⟨
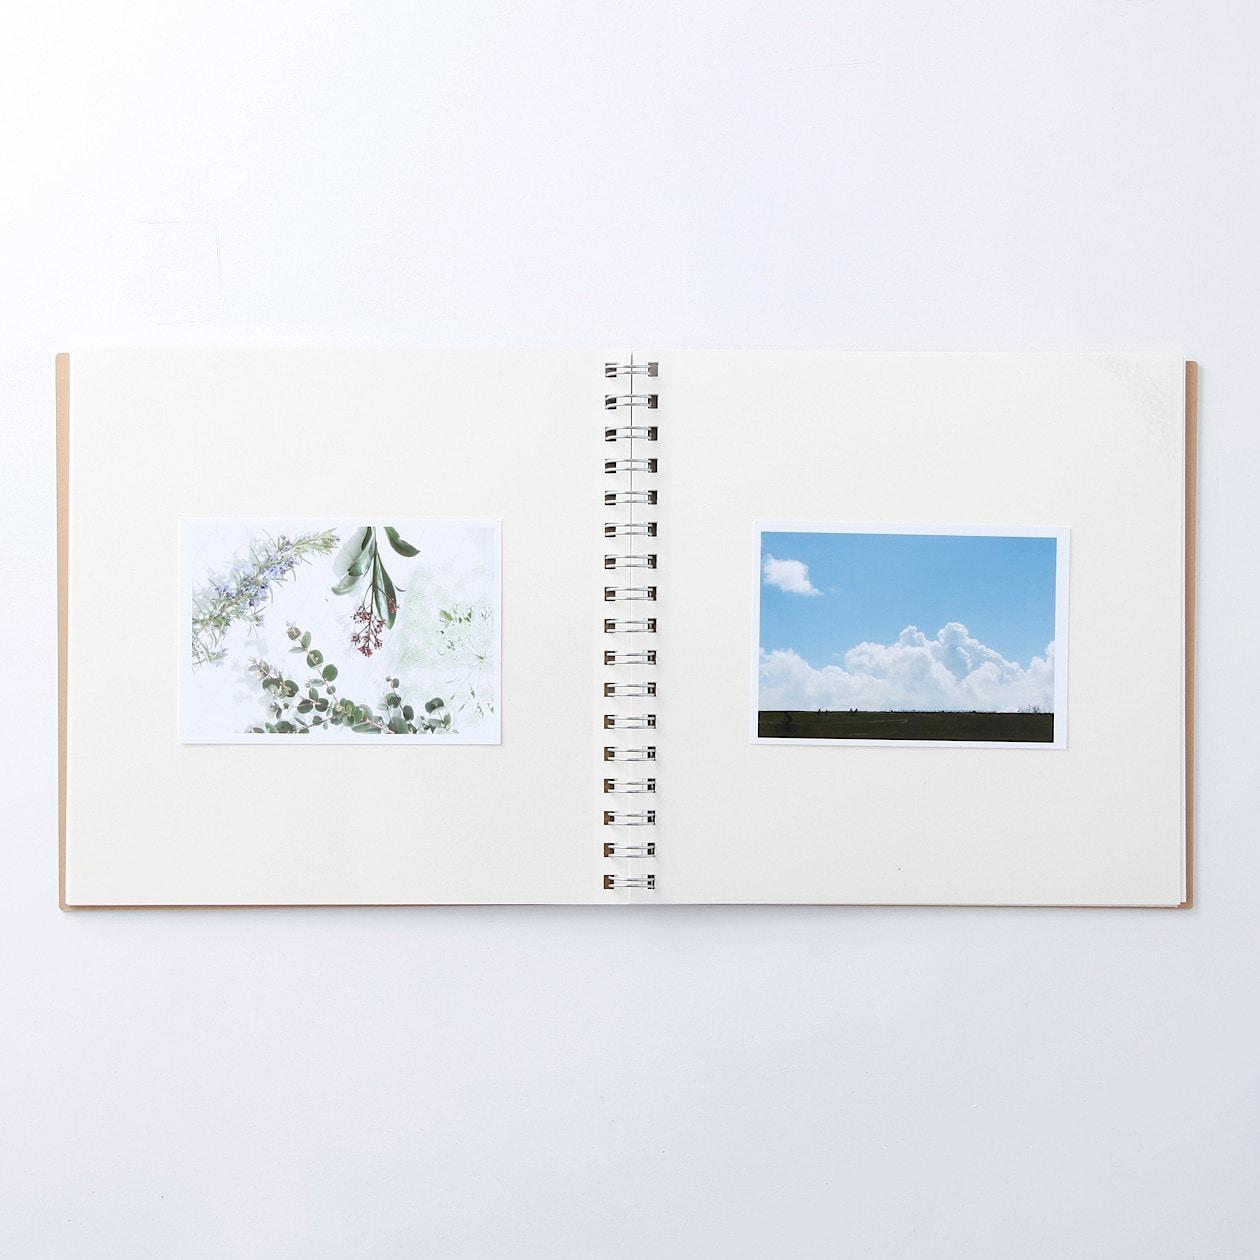 無印良品のスクラップブックの材料「台紙に書きこめる ダブルリングアルバム スクエア」
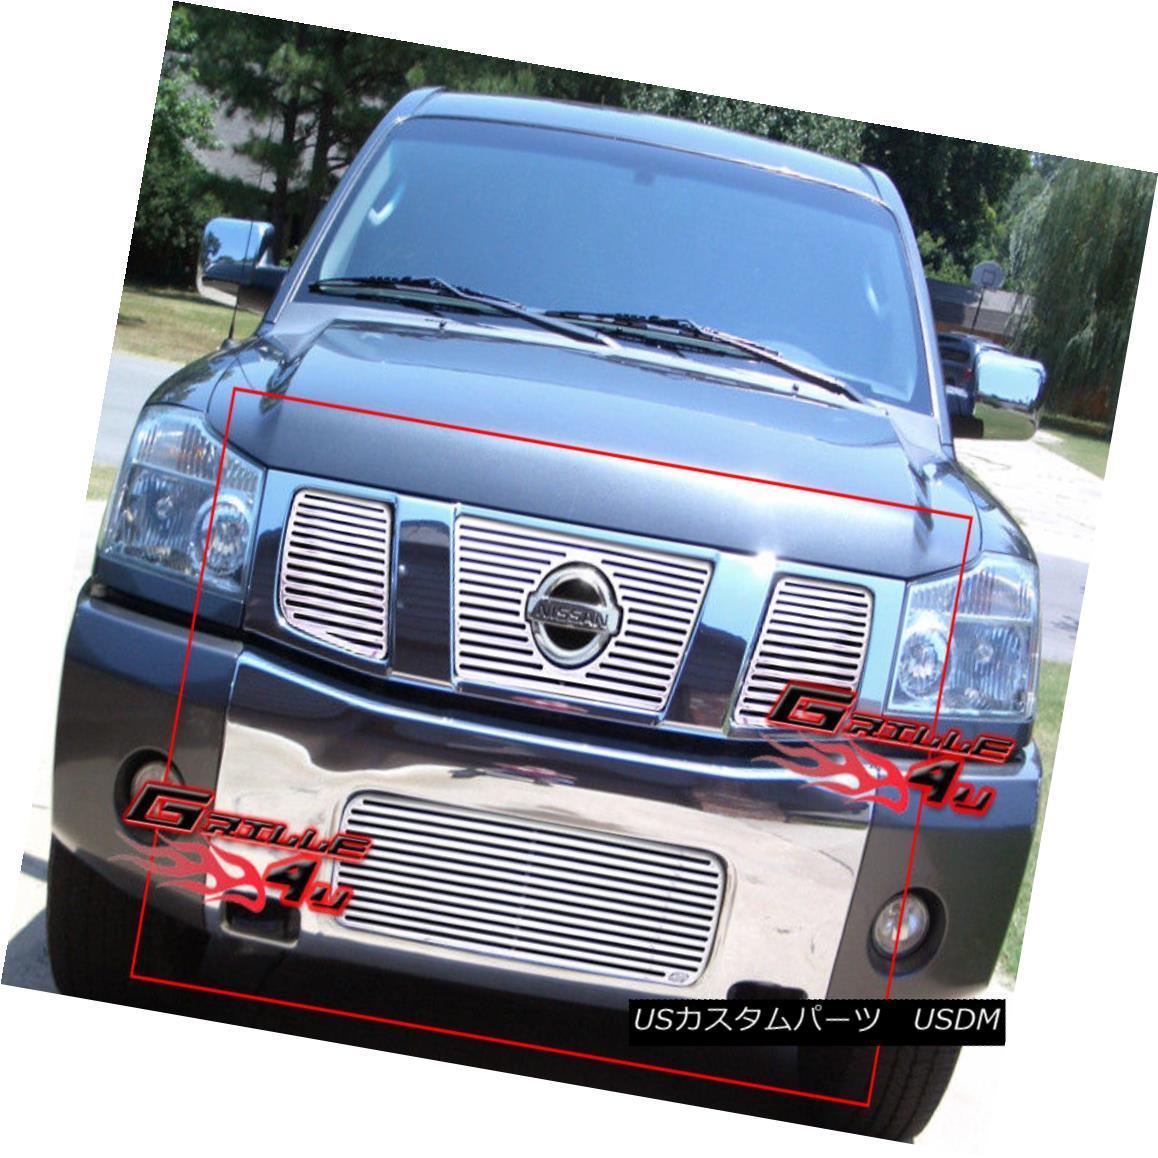 グリル For 04-07 Nissan Titan/Armada Perimeter Billet Grille Combo 04-07 Nissan Titan / Armadaペリメータービレットグリルコンボ用
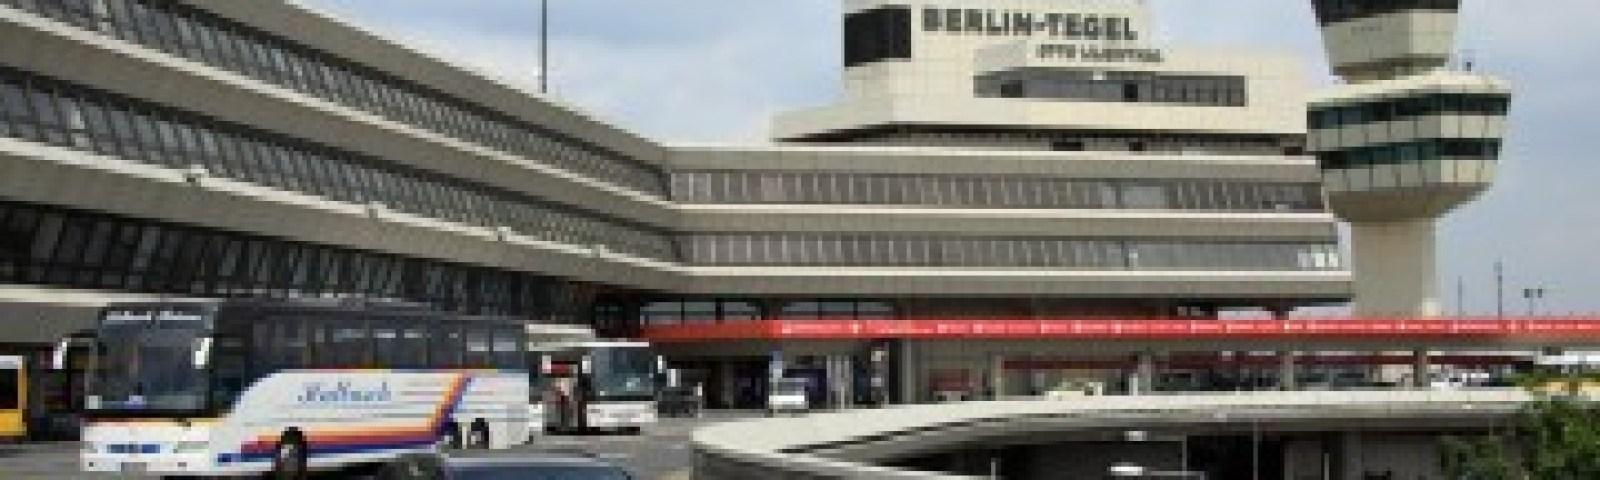 Онлайн-табло берлинских аэропортов: точное и удобное
⟩
What you return should be only the lines from the line with "グリル For 04-07" through the last line of the listing above, exactly, both ends included, pictures excluded.

 グリル For 04-07 Nissan Titan/Armada Perimeter Billet Grille Combo 04-07 Nissan Titan / Armadaペリメータービレットグリルコンボ用
 Онлайн-табло берлинских аэропортов: точное и удобное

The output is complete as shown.